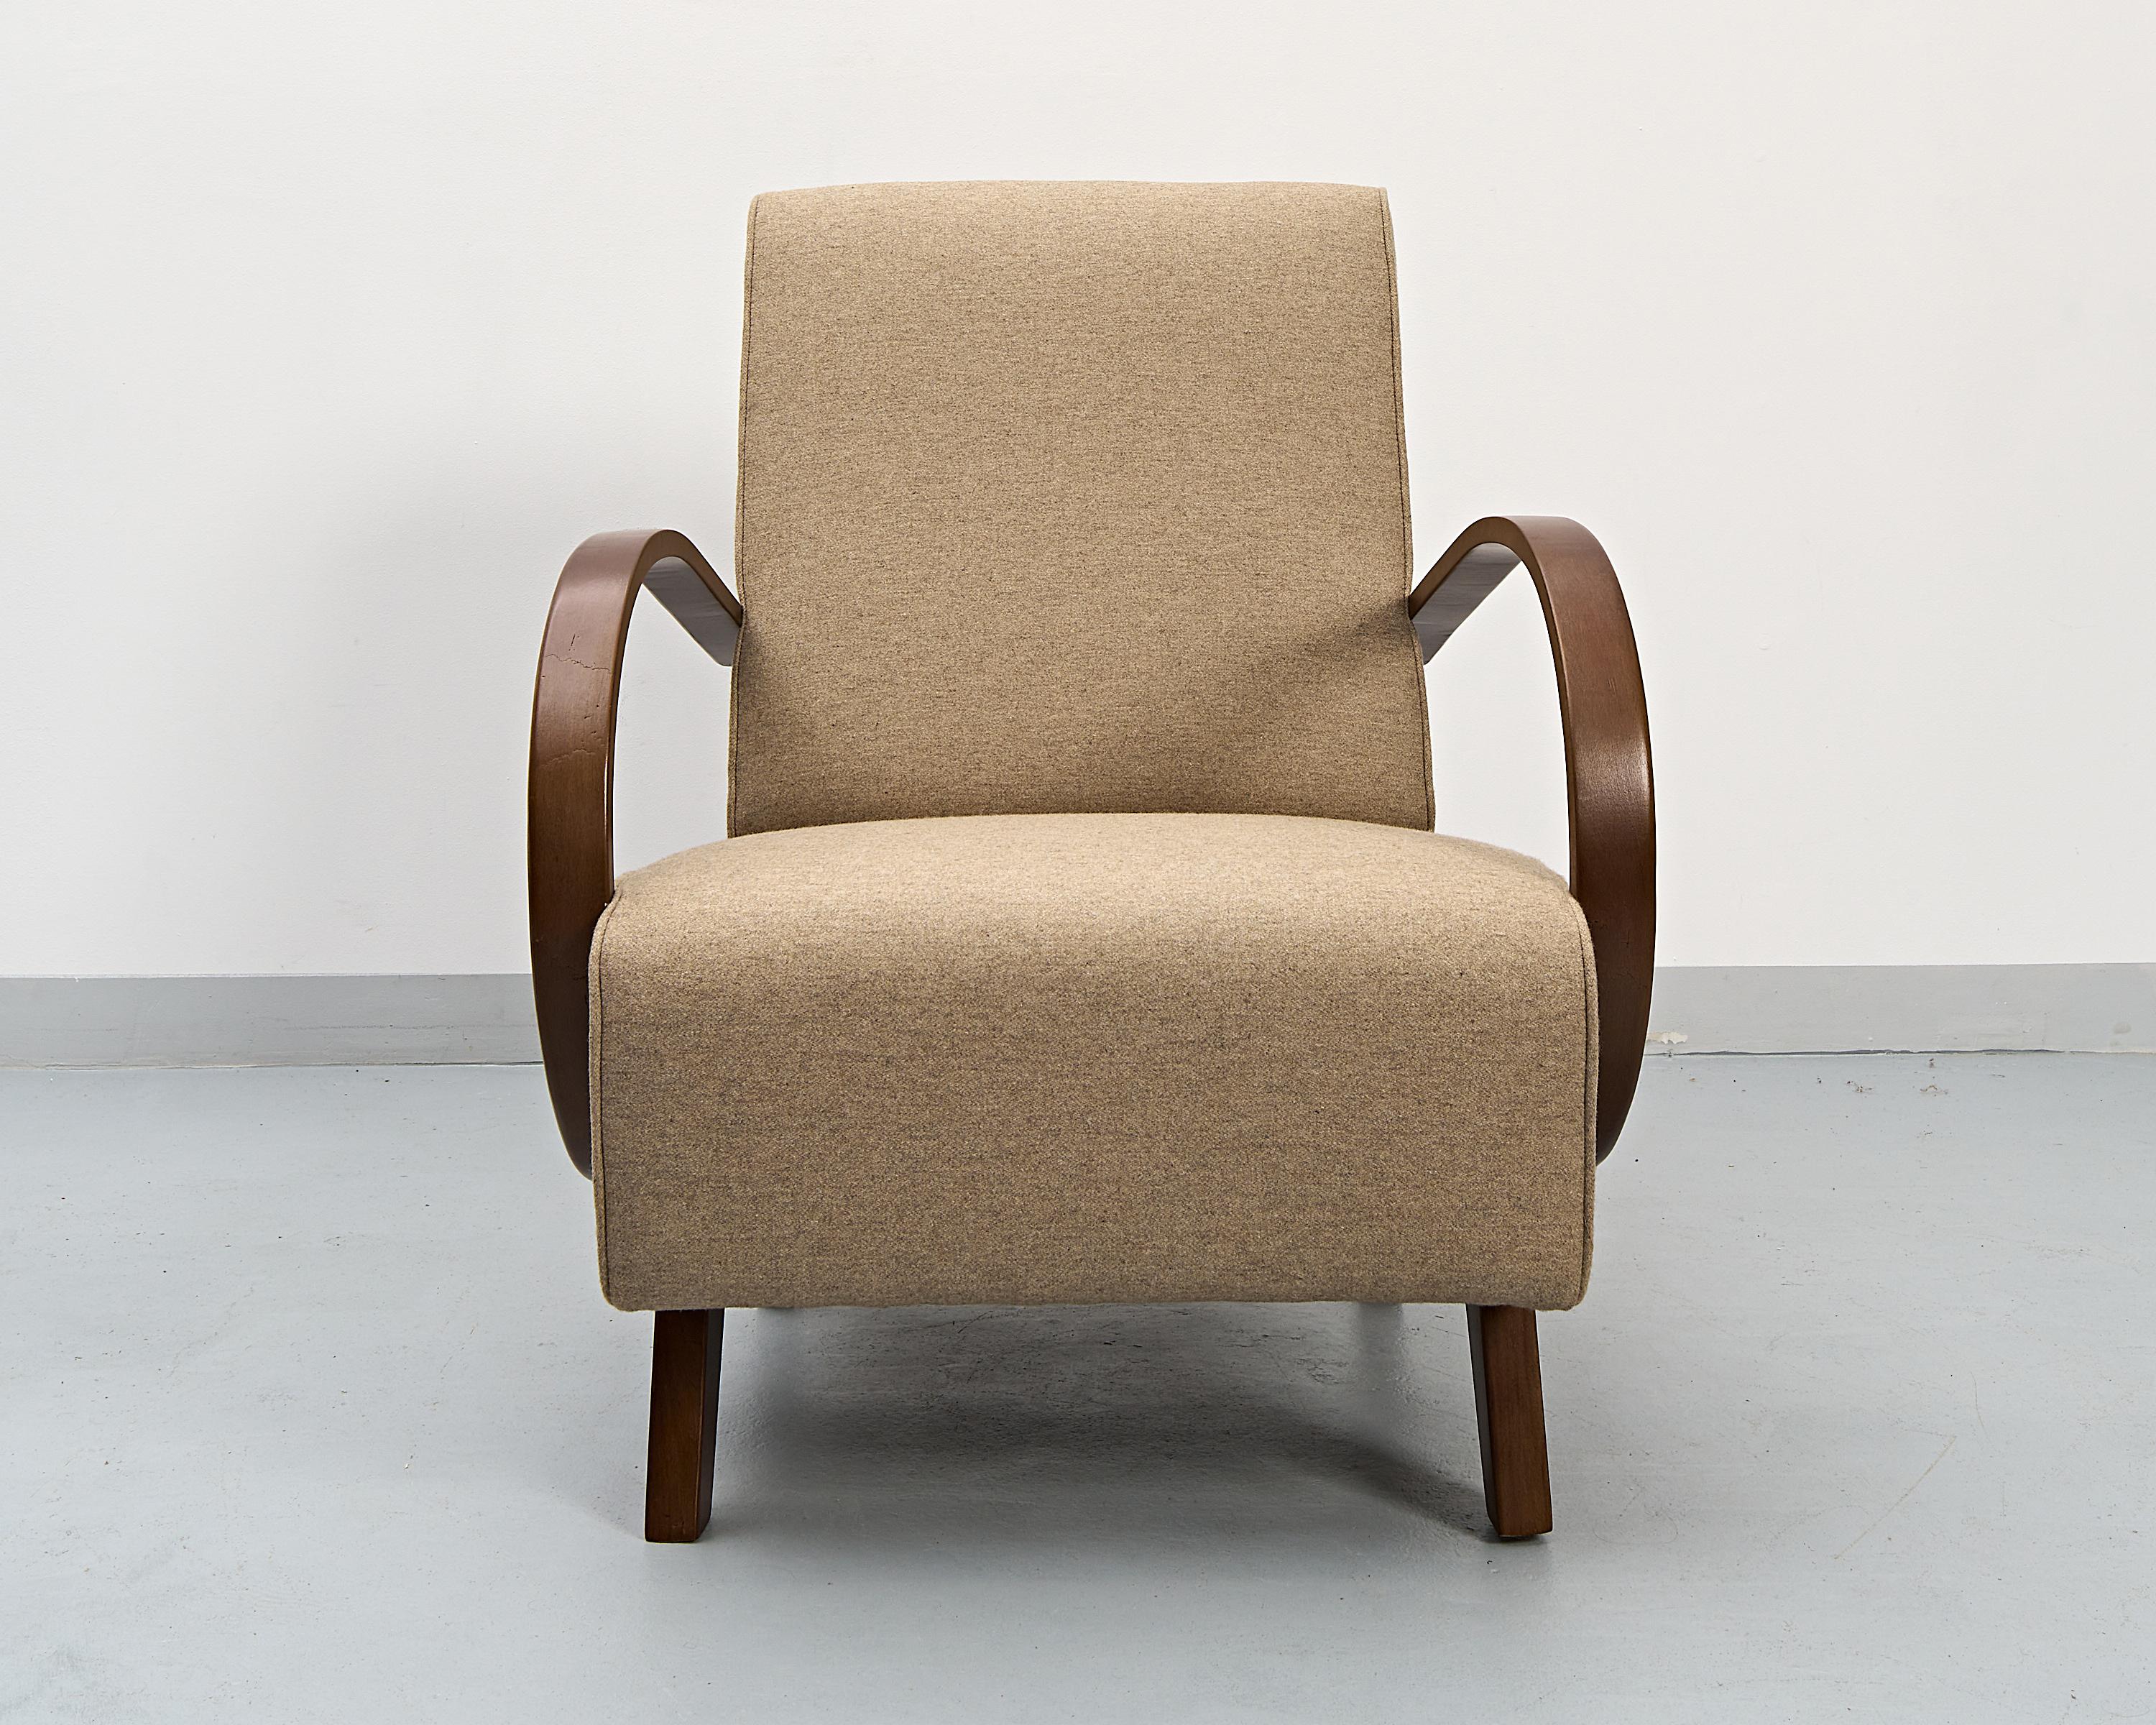 Un fauteuil conçu par le célèbre designer tchèque Jindřich Halabala. Produit dans les années 1930.
Cadre en hêtre courbé restauré en demi-mat brillant. Sièges recréés et recouverts de tissu de laine artificielle.
Beau travail de restauration.
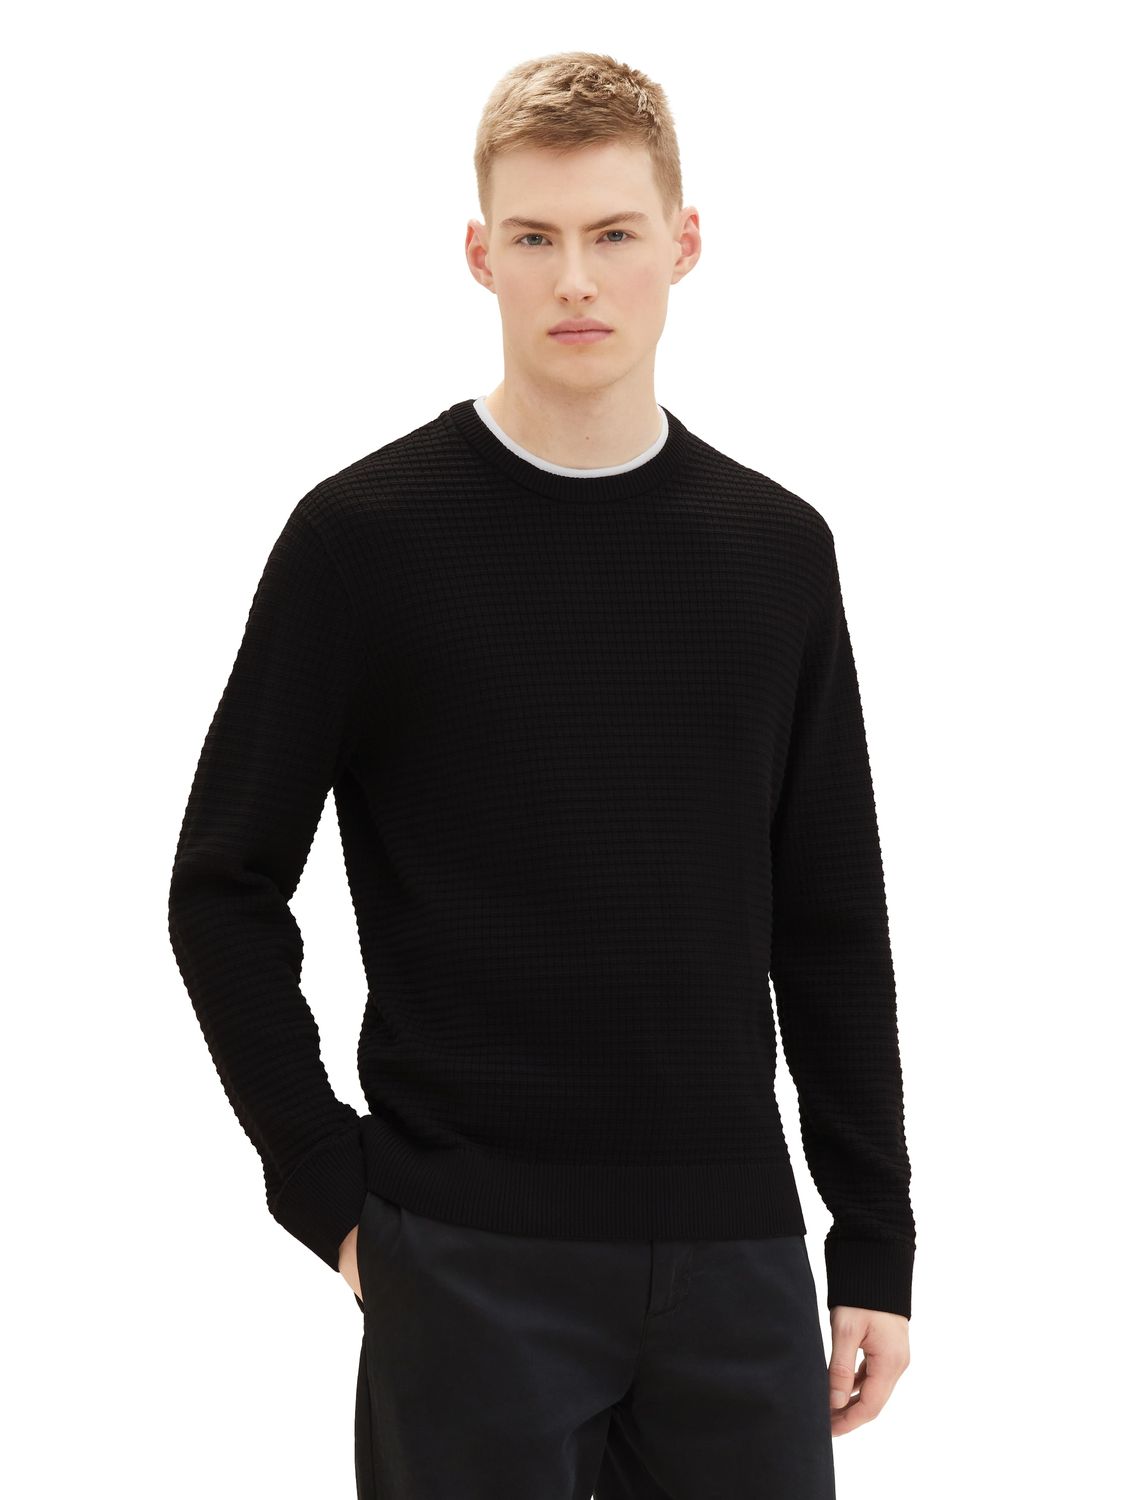 Пуловер TOM TAILOR Denim STRUCTURED DOUBLELAYER, черный пуловер tom tailor denim structured basic серый

• [WHAT YOU ARE ASKED TO DO]:
The required output consists only of the lines from the one containing "Cadre en hêtre" to the last line of the material, reproduced exactly, pictures excluded.

• [PROBLEM SOLUTION]:
Cadre en hêtre courbé restauré en demi-mat brillant. Sièges recréés et recouverts de tissu de laine artificielle.
Beau travail de restauration.
 Пуловер TOM TAILOR Denim STRUCTURED DOUBLELAYER, черный пуловер tom tailor denim structured basic серый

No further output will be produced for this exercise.